Другой, незнакомый самому себе и неприятный, почувствовал, как противно заныло внутри, и подумал тревожно: «Бить будут».

— На банку есть? — спросил парень.

«Значит, не сразу будут бить, сперва деньги отберут? Может, отстанут, если сам отдам?» — замелькали в голове мысли. А руки сами уже тянулись к карманам. Записная книжка, в ней между листочками два рубля. В правом кармане еще мелочь какая-то. Рука подрагивала противно, когда протянул с деньгами. А голос громкий, вроде бы даже бодренький:

— Сдачи не требуется!

— Во дает, фраер! — хохотнул толстогубый. — Шнурок!

Из-за спины высунулся длинный парень с косой белесой челкой из-под берета — Максиму показалось, что он видел его где-то, — подставил ладонь.

— На трех ногах! — приказал губастый, и парень с челкой мгновенно исчез, видно, понимал с полуслова.

Кто-то замахнулся на лампочку палкой. Она коротко хлопнула — в беседке стало темно. Губастый сел на барьер, двое подперли загородку спинами справа и слева от него, остальные стояли полукругом. Максим — в центре.

Вожак сунул в рот сигарету, один из «телохранителей» мгновенно выхватил из кармана пистолет, ткнул им в грудь Максима — из дула пыхнул огонь. Максим испуганно отшатнулся. Парни весело загоготали.

Прикурив от пистолета-зажигалки, губастый покачивал ногой, пускал пленнику в лицо сигаретный дым, сплевывая ему под ноги. И молчал. За его спиной, в каких-нибудь двадцати шагах, была дверь подъезда. «Убежать? Оттолкнуть парней — и в дверь… Закричать, в случае чего, люди выскочат, — думал Максим. А вдруг не удастся убежать? Если поймают эти?
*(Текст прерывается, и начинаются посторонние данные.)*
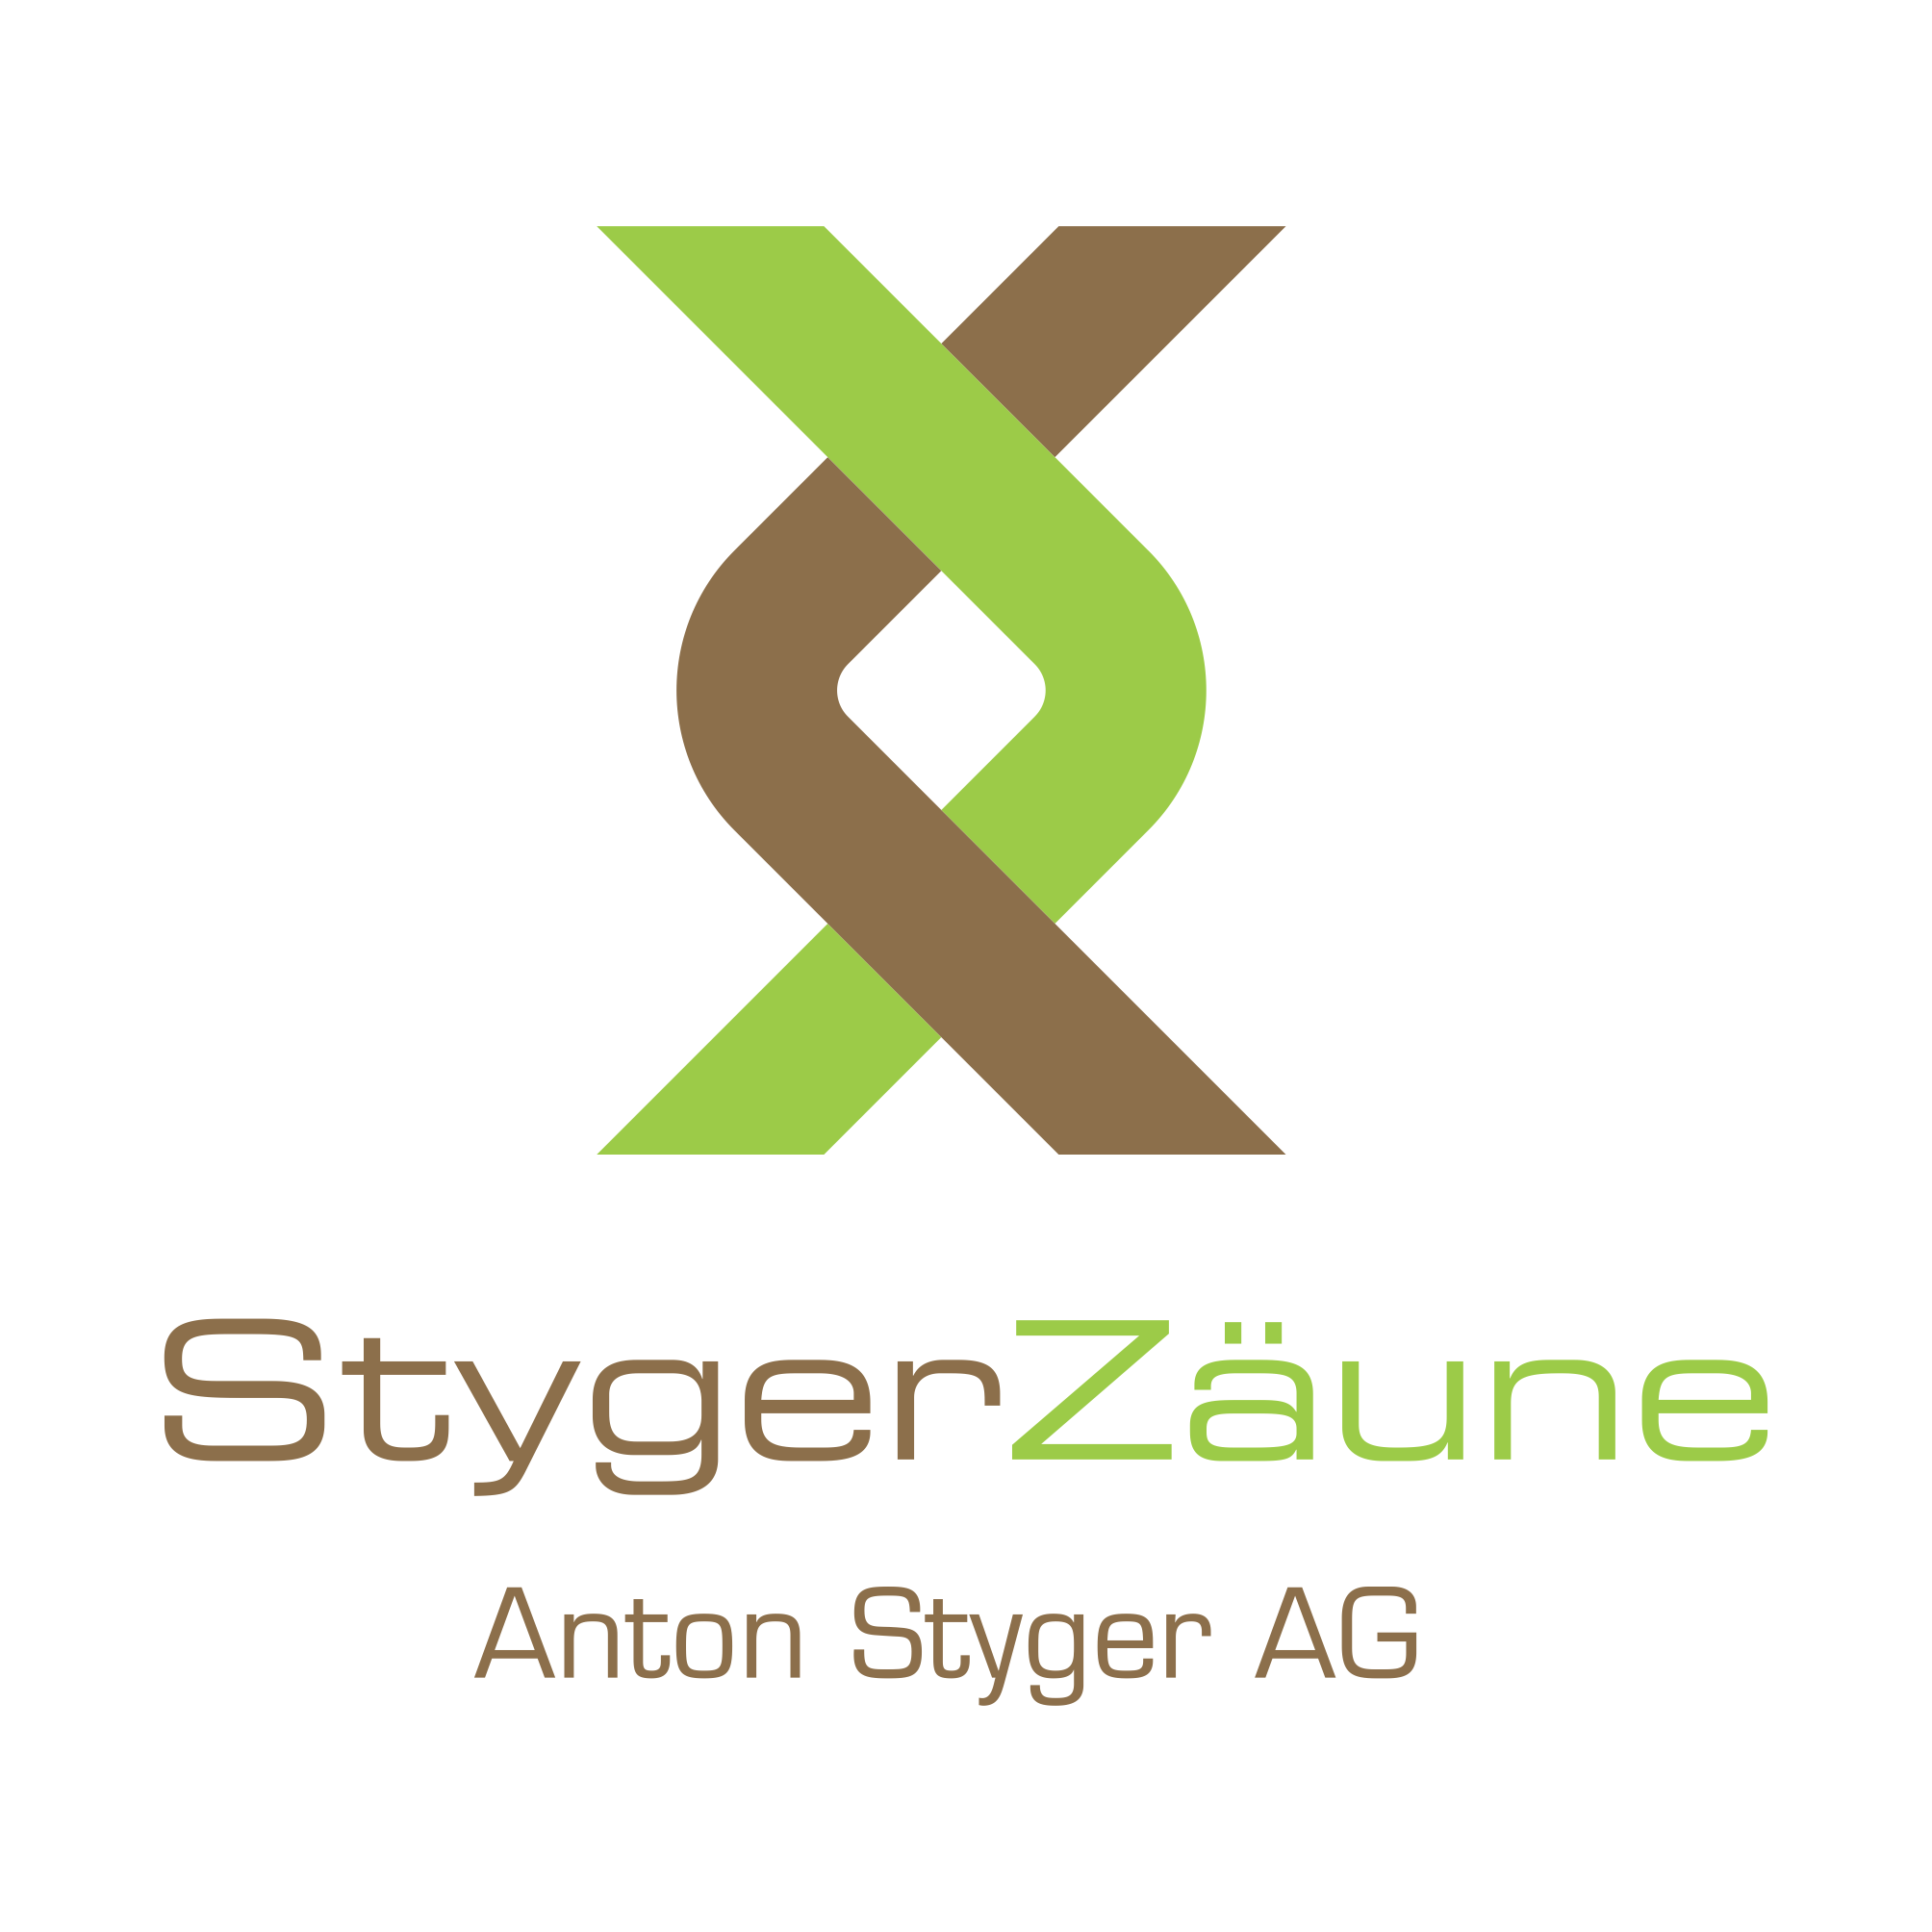 Anton Styger AG Zaunfabrik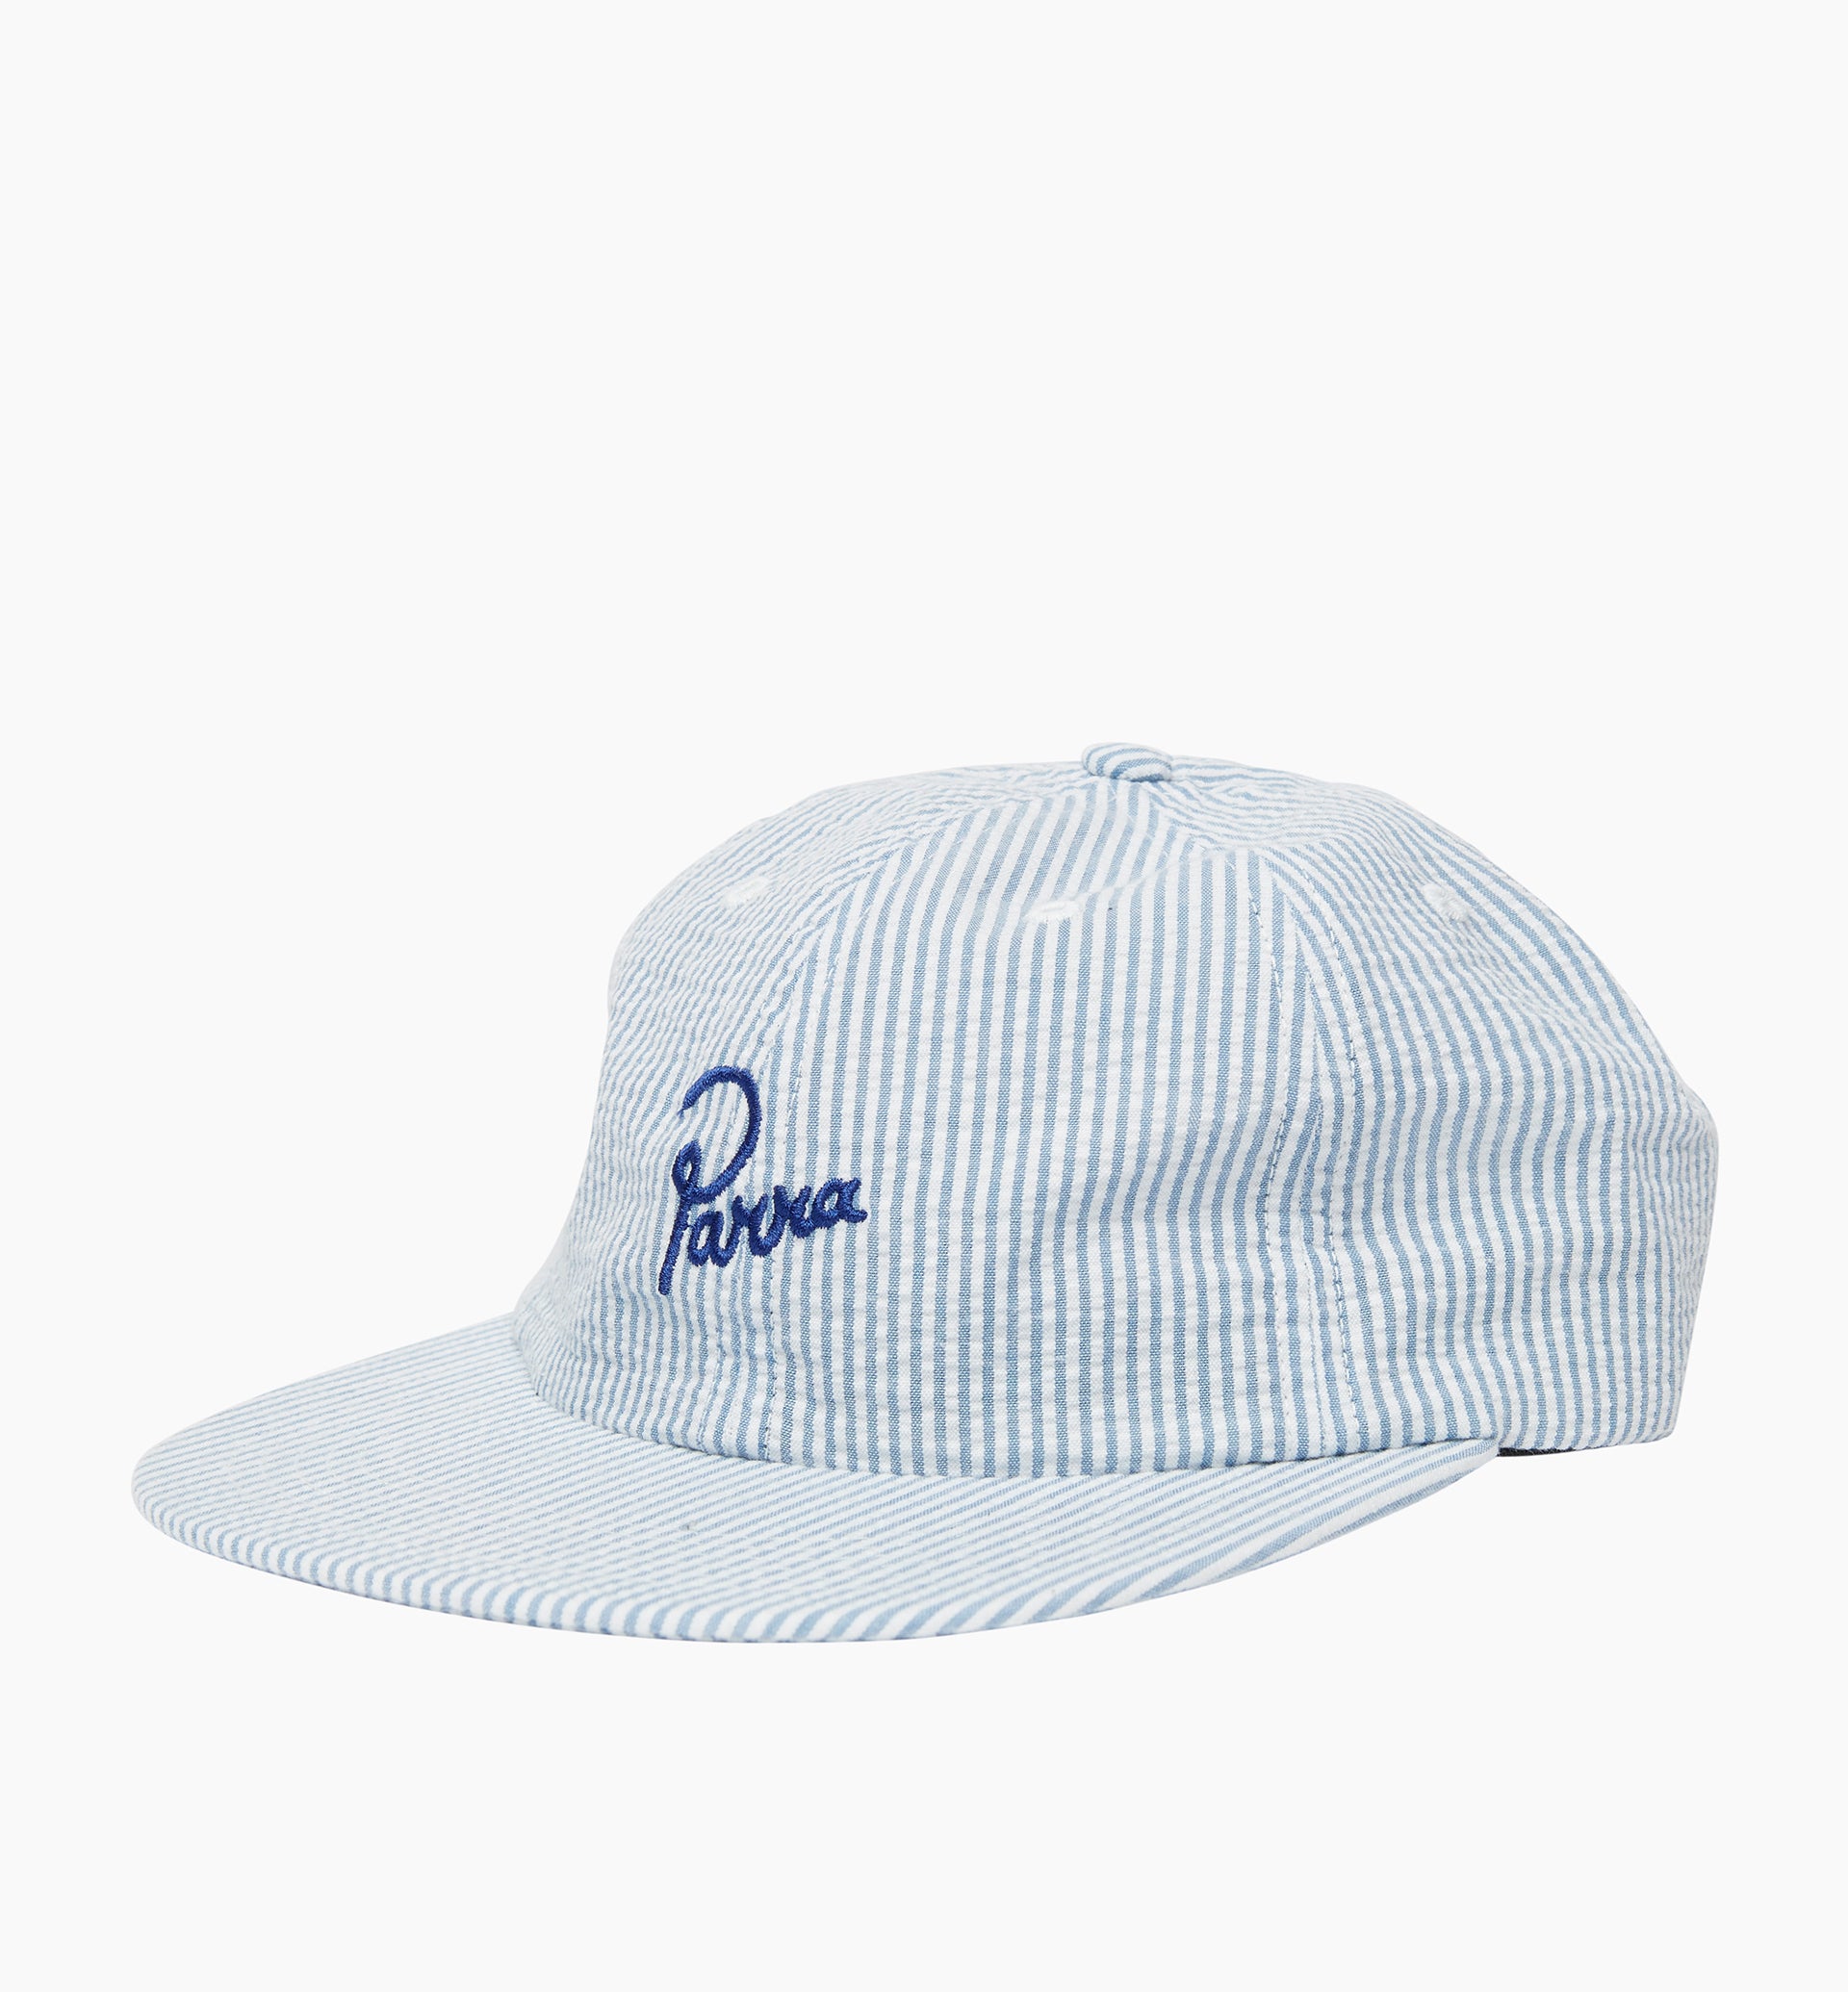 Parra - classic logo 6 panel hat

Тогда что? — ныл другой голос. — Черт дернул забраться в эту дурацкую беседку… Сидел бы сейчас дома: тепло, светло…»

В нем поднималась злоба — на себя, на класс, на эту шпану, на все, что свалилось на него сегодня. Со злобой прибавилось решимости. Он уже почти готов был растолкать стоявших за спиной парней, двинуть их вожака так, чтобы кувыркнулся с барьера… Вот сейчас… только сосчитает до трех. Он начал уже считать… Но тут прибежал Шнурок с вином. Момент был упущен.

Толстогубый убрал в карман железку, что подбрасывал в руке, отшвырнул окурок. Он сорвал пробку с бутылки, взболтнул ее содержимое, сделал несколько глотков. Спросил:

— Тебя как зовут?

— Максим.

— Гли, парни, Максим выискался! Хошь, мы тебя горьким сделаем?

Парни опять загоготали.

— Чума, — обратился Шнурок к вожаку, — он сегодня из окна в школе шуранул, со второго этажа.

— Иди ты! — удивился Чума.

Странное у него было имя.

— Гад буду! — Шнурок для большей убедительности стукнул кулаком в грудь.

Точно, в школе Максим видел его, этого белесого. Иначе откуда ему знать о прыжке?

— Прыгнул? — спросил Чума.

Максим кивнул.

— Со второго?

Максим еще раз кивнул.

— Псих! — определил Чума. — На спор, что ли?

— Допустим, — ответил Максим. Не рассказывать же этой компании о Зиночке.

Ответил и почувствовал: Чуме и его дружкам сообщение Шнурка понравилось.

— Пей, — Чума протянул бутылку.

Вина Максим не любил, даже запаха его терпеть не мог. Но на него смотрели теперь иначе, не с угрозой, а с интересом. Он произвел впечатление и не хотел его портить. Он и сам себе нравился — взял вот и прыгнул! Со второго этажа! Не с крылечка какого-нибудь.

Максим принял бутылку, взболтнул темную жидкость, как это делал Чума, задержал выдох, прижался губами к горлышку. Ничего особенного не было в этом вине: липкая сладковато-кислая холодная терпкость на языке, вот и все.

— Тяни до дна, тяни до дна, — приговаривал Шнурок.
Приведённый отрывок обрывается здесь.